27.     The Third Circle of Hell – Gluttony (Canto 6)

 Musa explains the third circle and the contrapasso, “the shades in this circle are the gluttons, and their punishment fits their sin. Gluttony, like all the sins of incontinence, subjects reason to desire; in this case desire is a voracious appetite. Thus, the shades howl like dogs—in desire, without reason; they are sunk in slime, the image of their excess. The warm comfort their gluttony brought them in life here has become cold, dirty rain and hail.”[1] The beast Cerberus—a “three-headed doglike beast”—dwells in the third circle.[2] The beast both represents the sin of gluttony through its own immense appetite and further punishes those shades in the third circle as he “flays and mangles” the shades of that circle.[3] Musa also notes “with his three heads, he appears to be a prefiguration of Lucifer and thus another infernal distortion of the Trinity.”[4] On their way toward the fourth circle, Dante the Pilgrim asks Virgil whether the punishment of the souls in hell will be increased or lessened on the Final Judgment.[5] Virgil explains that the pain of those in hell will be “more perfect” after the Final Judgment, as the souls in hell will be reunited with their bodies after the bodily resurrection.[6]
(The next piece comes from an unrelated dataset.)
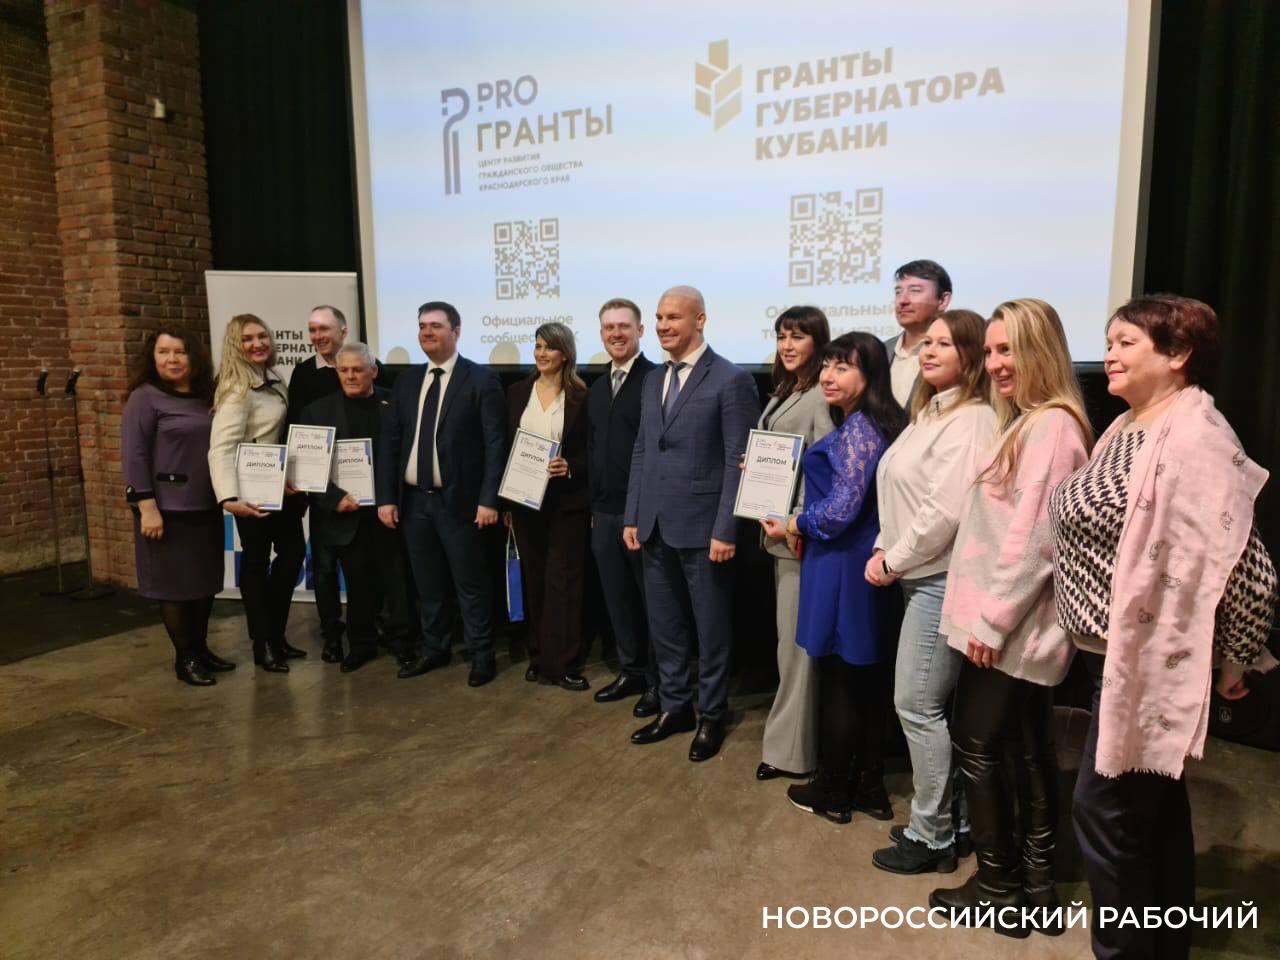 Общественники Новороссийска за год выиграли грантов на 61 млн. рублей. Это рекорд!

30.     The Fourth Circle of Hell – the Prodigal & Miserly (VII)

As Virgil and the Pilgrim enter into the fourth circle of hell, they are greeted by Plutus (Pluto), the Roman god of wealth, who speaks incoherently and whom Virgil dismisses by calling him “cursed Wolf of hell.”[1] The reference to “wolf” recalls the she-wolf at the beginning and reminds the reader the Pilgrim is still journeying through the circles of sins related to incontinence. Here the Pilgrim sees shades “to the sound of their own screams, straining their chests, they rolled enormous weights, and when they met and clashed against each other… screaming ‘Why hoard?,’ the other side, ‘why waste?’”[2] The Pilgrim sees the contrapasso of the miserly and the prodigal, who, forming two semi-circles, push their heavy weights (symbolizing their material wealth) and shove against each other (as their disordered uses of wealth were opposite).[3] Virgil teaches the Pilgrim about Lady Fortune, who serves as an angel of God determining the fortunes of men and nations.[4] Note that Lady Fortune is often depicted with a wheel, and that this circle of hell resembles a giant broken wheel of the shades that mismanaged their fortune.[5]

34. What happens in the Fifth Circle of Hell: the Wrathful & Slothful (Cantos 7-8)?

Virgil and the Pilgrim leave the broken wheel of the fourth circle and come upon “a swamp that has the name of Styx.”[1] The river Styx, the sordid marsh-like second river of hell, serves as the fifth circle. Here, the Pilgrim sees “muddy people moving in that marsh, all naked, with their faces scarred by rage,” who “fought each other, not with hands alone, but struck with head and chest and feet as well, with teeth they tore each other limb from limb.”[2] These are the wrathful souls, “the souls of those that anger overcame,” who are punished alongside another group of souls who lay face up under the murky surface.[3] The identity of these souls is debated.[4] The souls beneath the surface, “who make the waters bubble at the surface,” say to the Pilgrim: “sluggish we were in the sweet air made happy by the sun, and the some of sloth was smoldering in our hearts; now we lie sluggish here in this black muck.”[5] The best take is that these souls represent slothfulness or acedia; thus, the fifth circle, like the fourth, has two related sins in the same circle: wrath (excess) and acedia (deficient).[6] Virgil and the Pilgrim cross the river Styx with the help of the boatman, Phlegyas, a wrathful son of Mars from Roman mythology.[7] As they cross the river, a wrathful soul rises up and is rebuked by Dante the Pilgrim in stanch contrast to the pity he showed the sinners in the second and third circles.[8] Dante rebuking the sinner and remembering it fondly shows more of an alignment with the Divine Will than pitying them.